### Source material
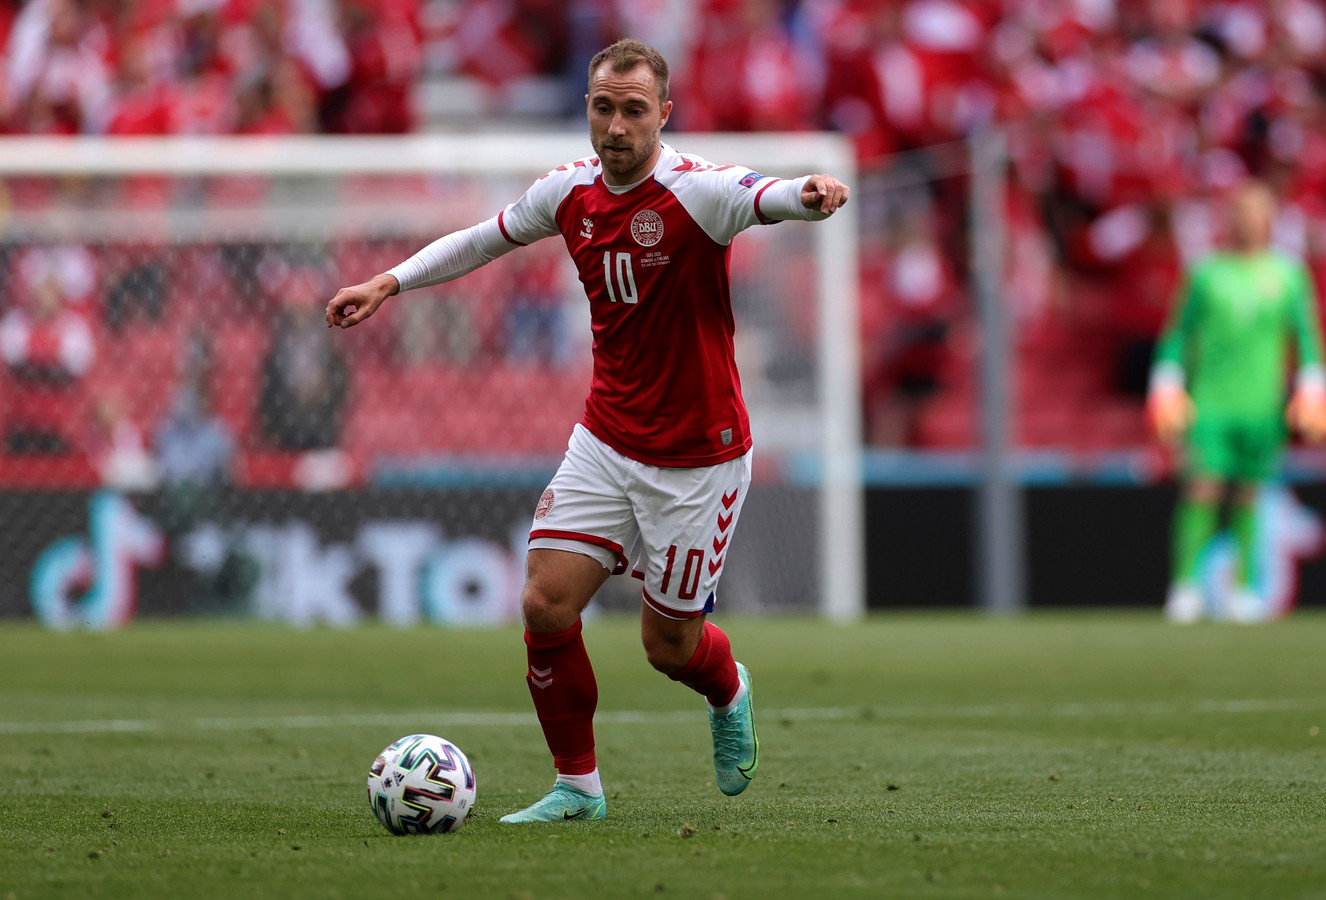 Eriksen en action durant le match Danemark-Finlande.
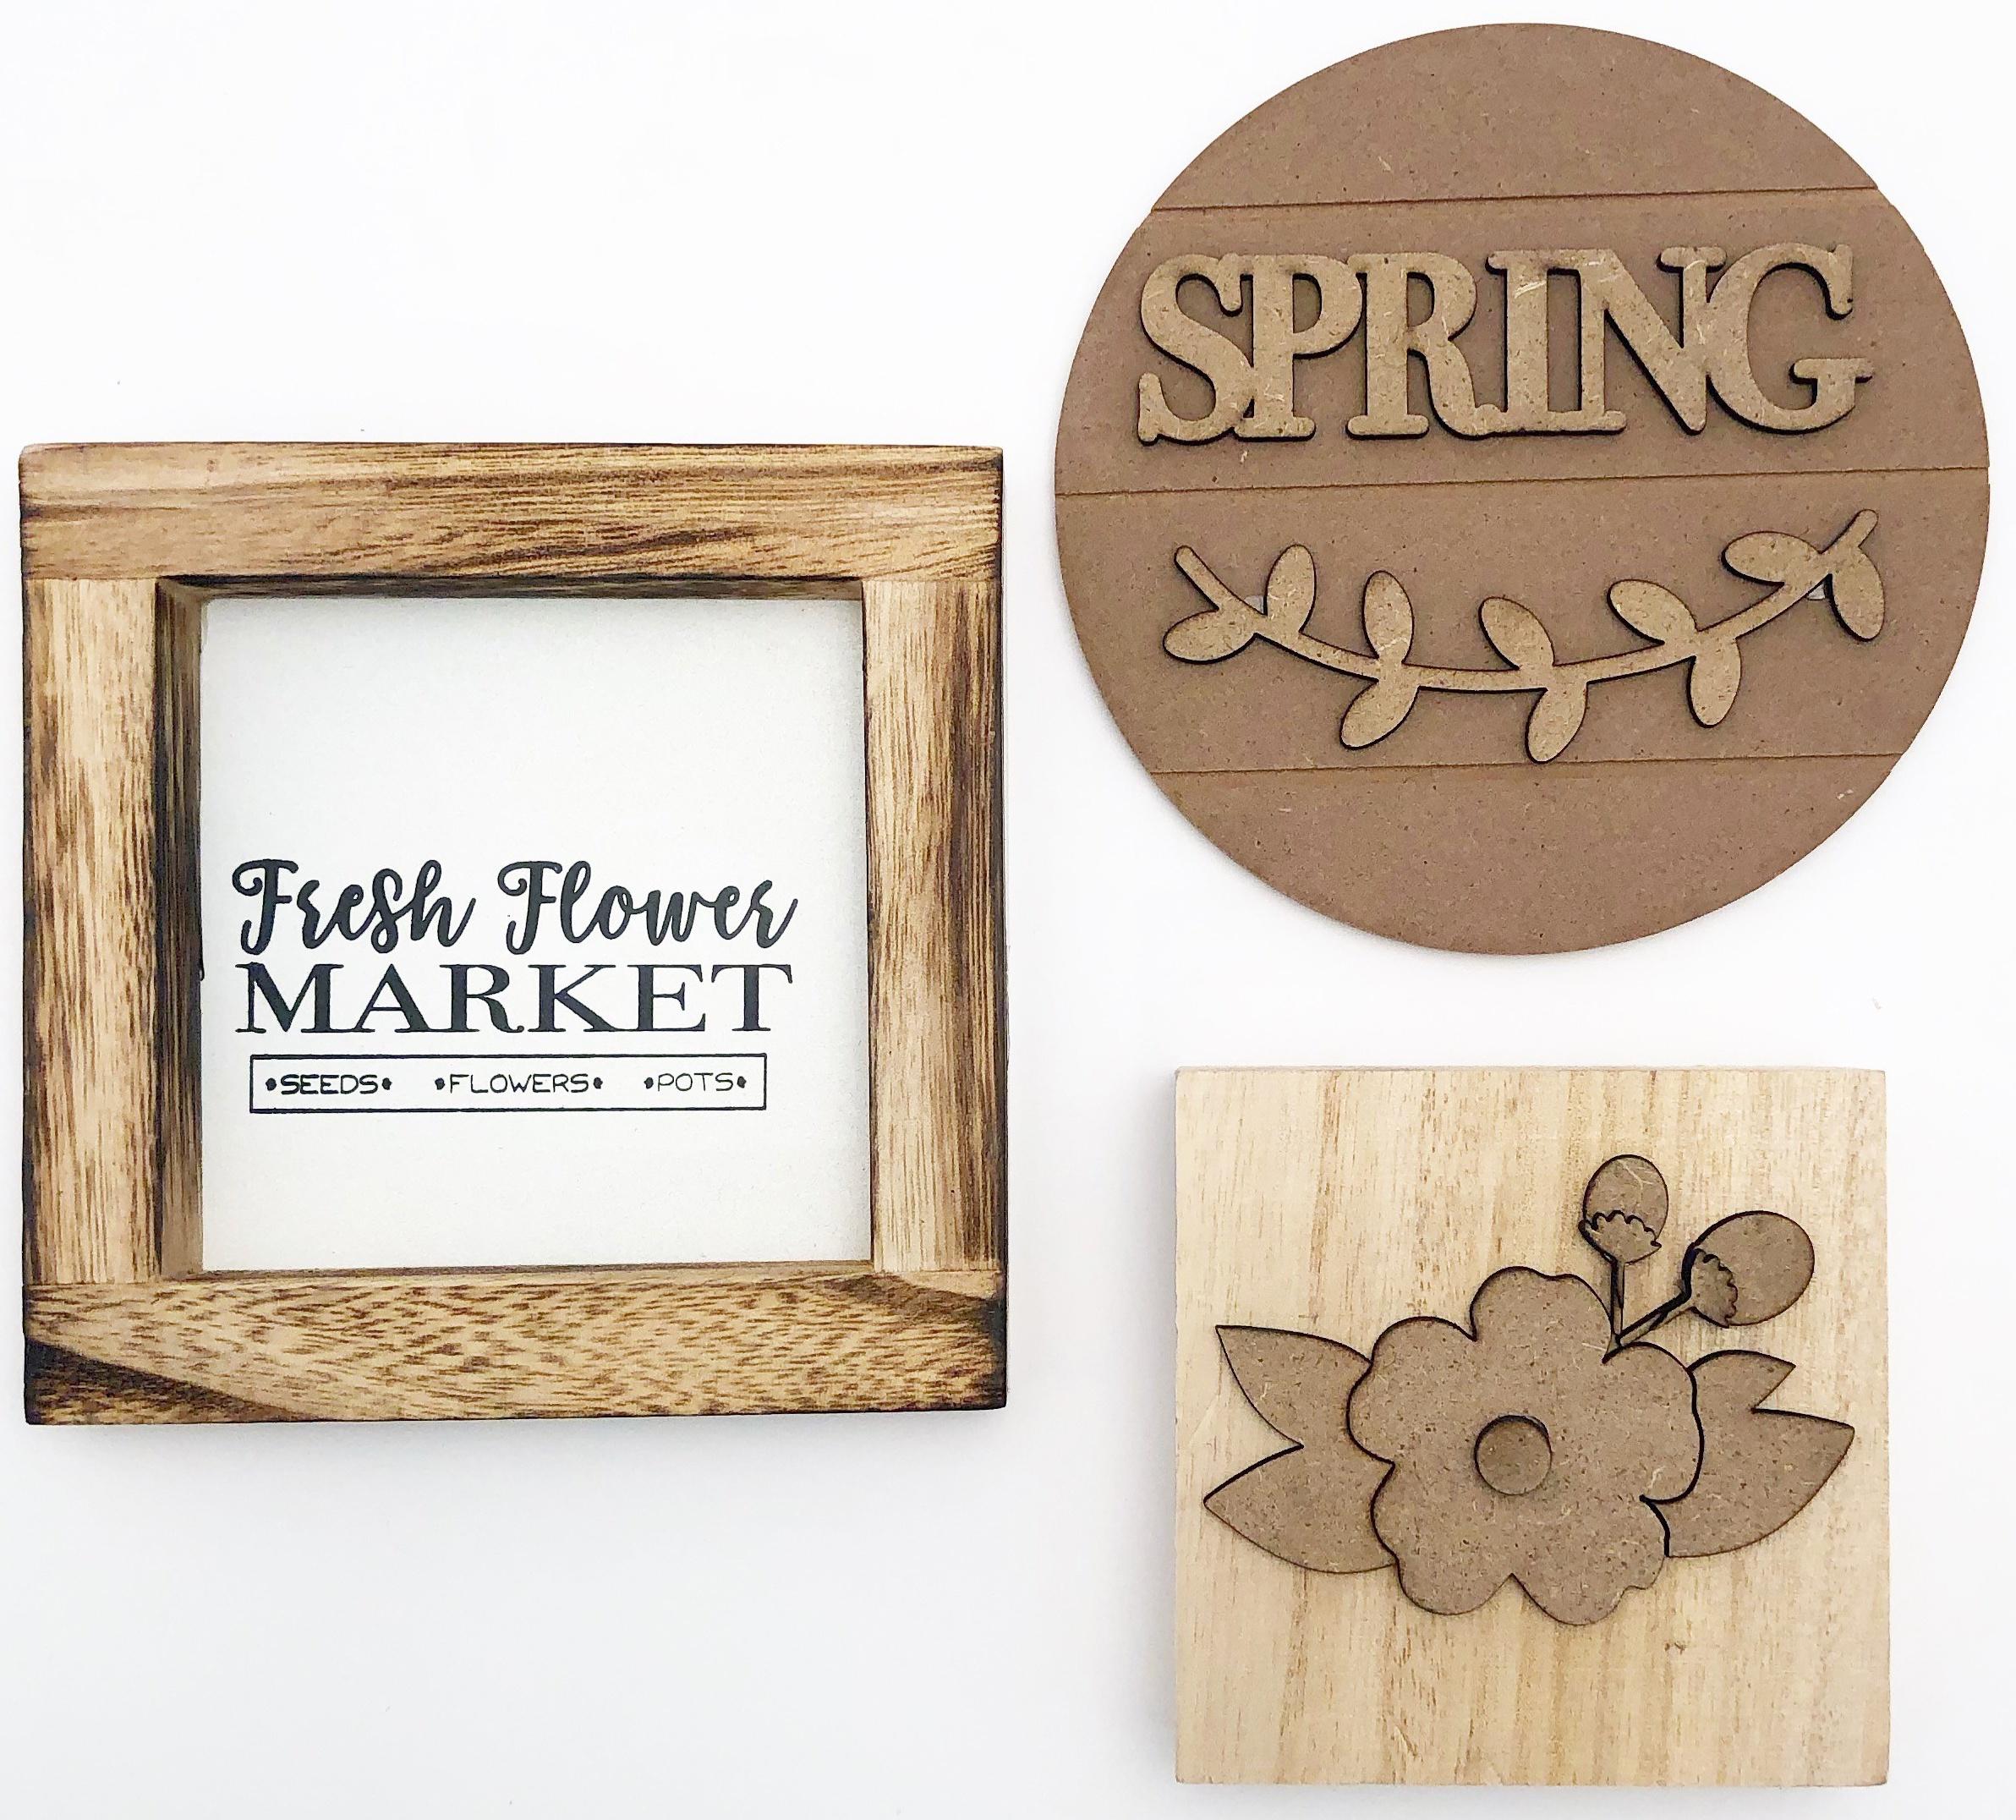 FD Tiered Tray Themed Kits-April
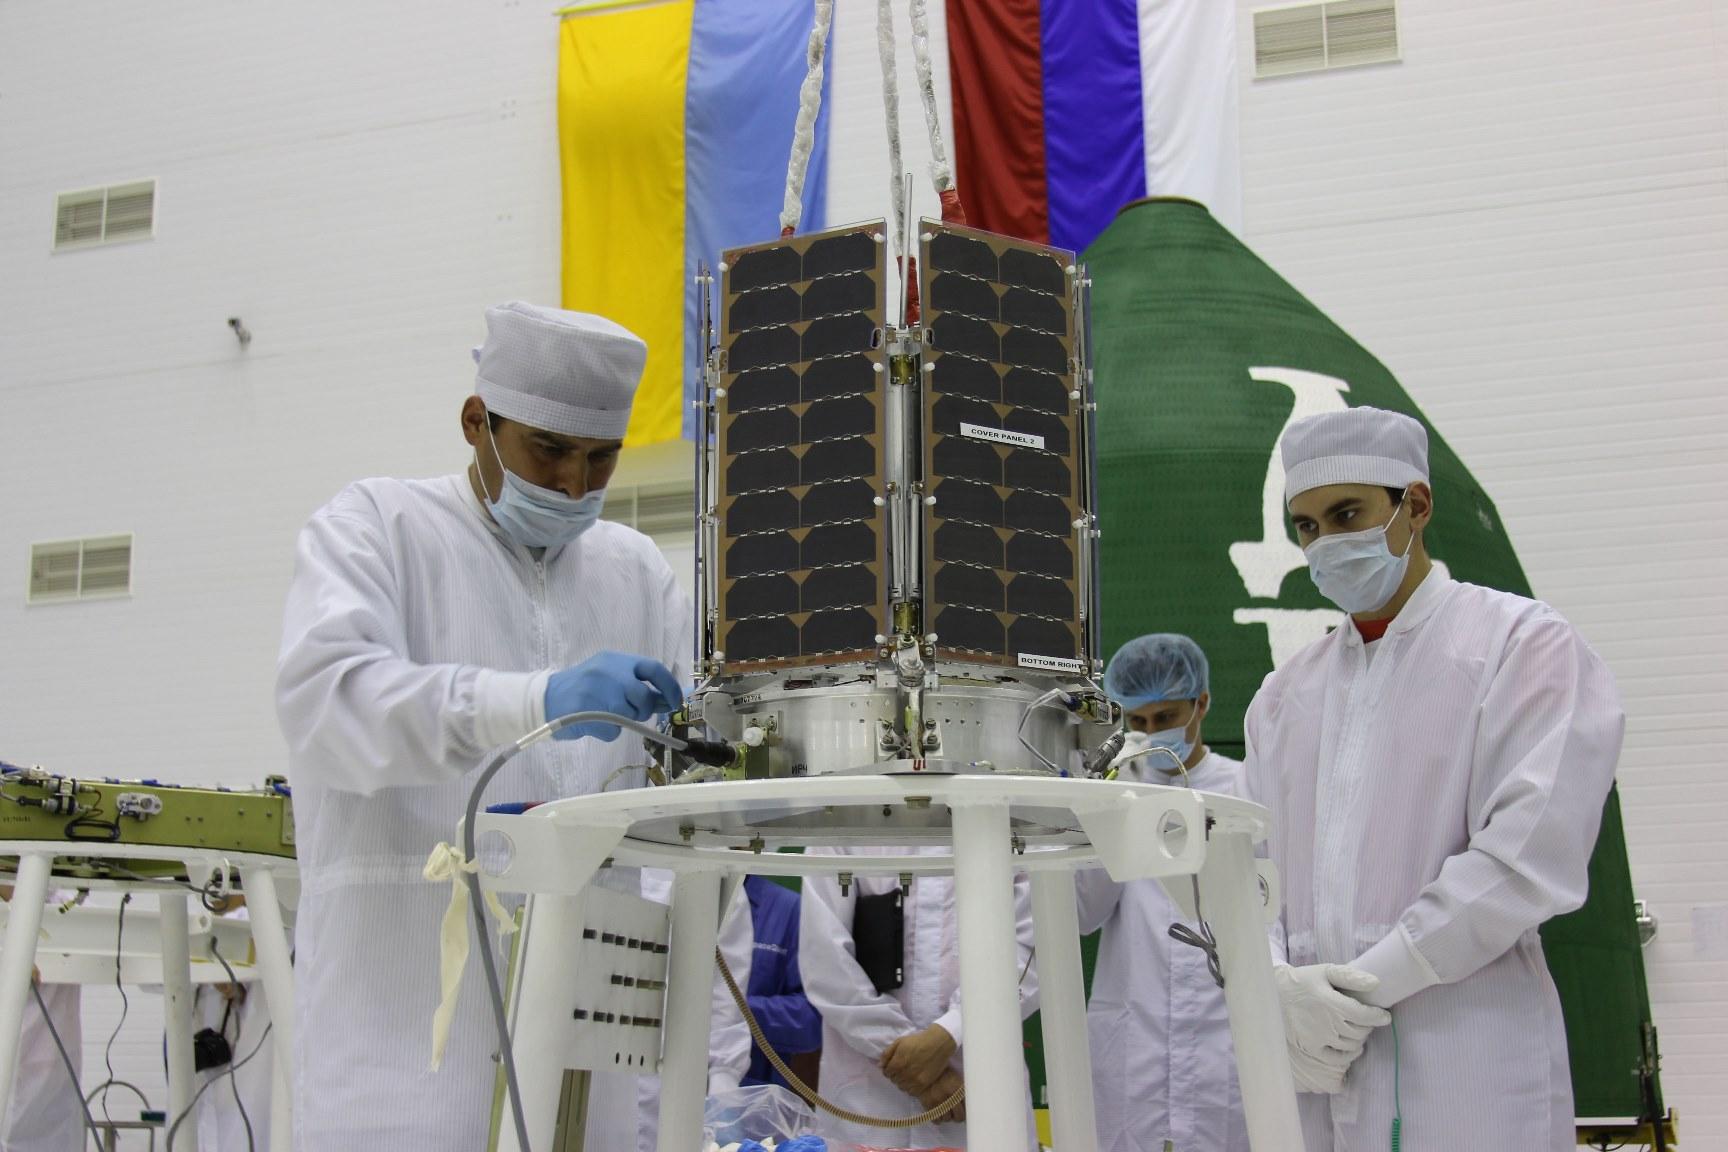 en37-pioneers-of-private-astronautics-in-russia-sputnix_06
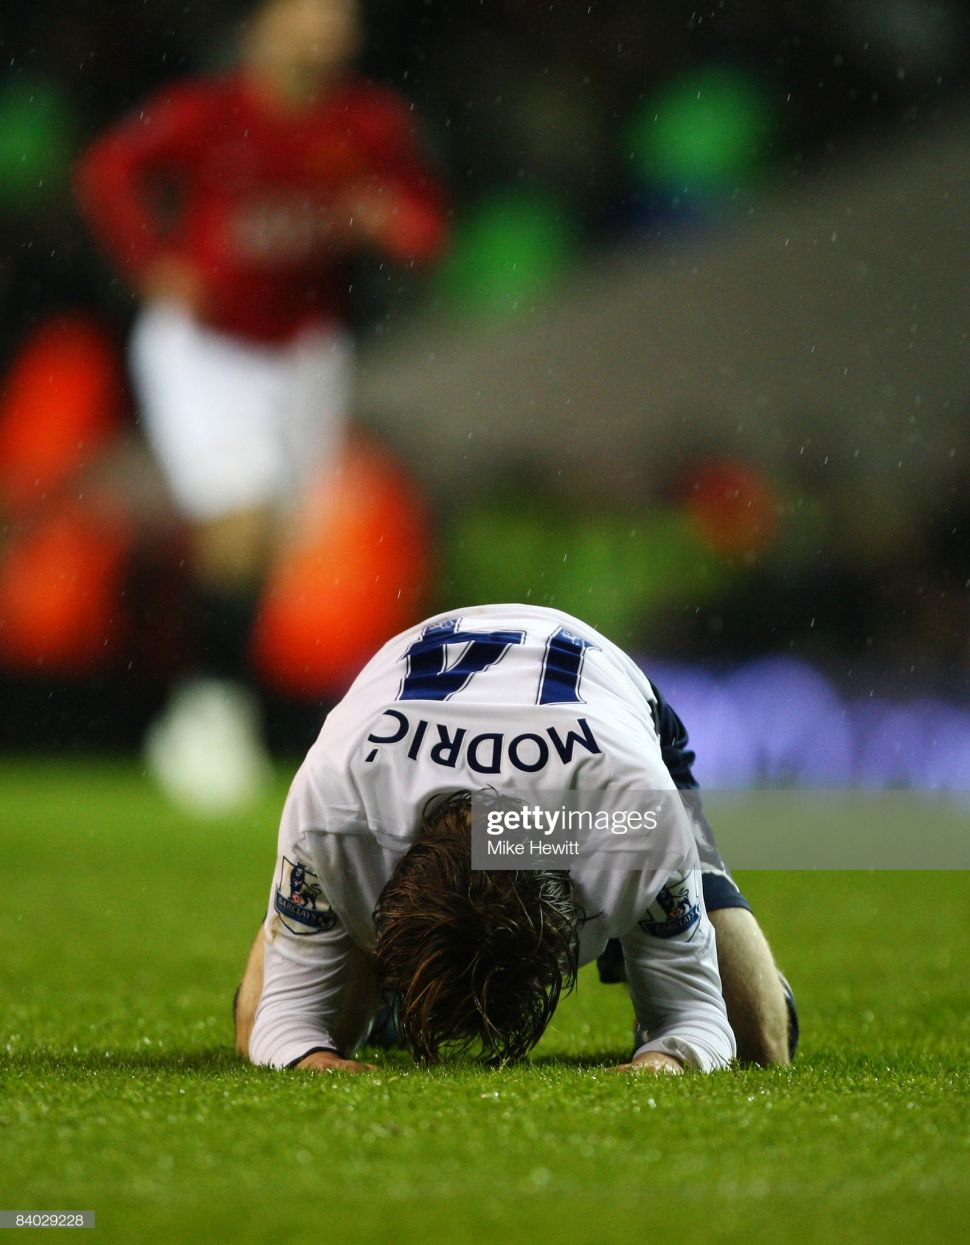 Áo đấu Modric #14 Tottenham 2008-2009 home shirt jersey white

### What you will do
Every line from the one containing "FD Tiered Tray Themed Kits-April" to the last line of the material must be returned exactly. Leave out any pictures.

### Response for this exercise
 FD Tiered Tray Themed Kits-April
 en37-pioneers-of-private-astronautics-in-russia-sputnix_06
 Áo đấu Modric #14 Tottenham 2008-2009 home shirt jersey white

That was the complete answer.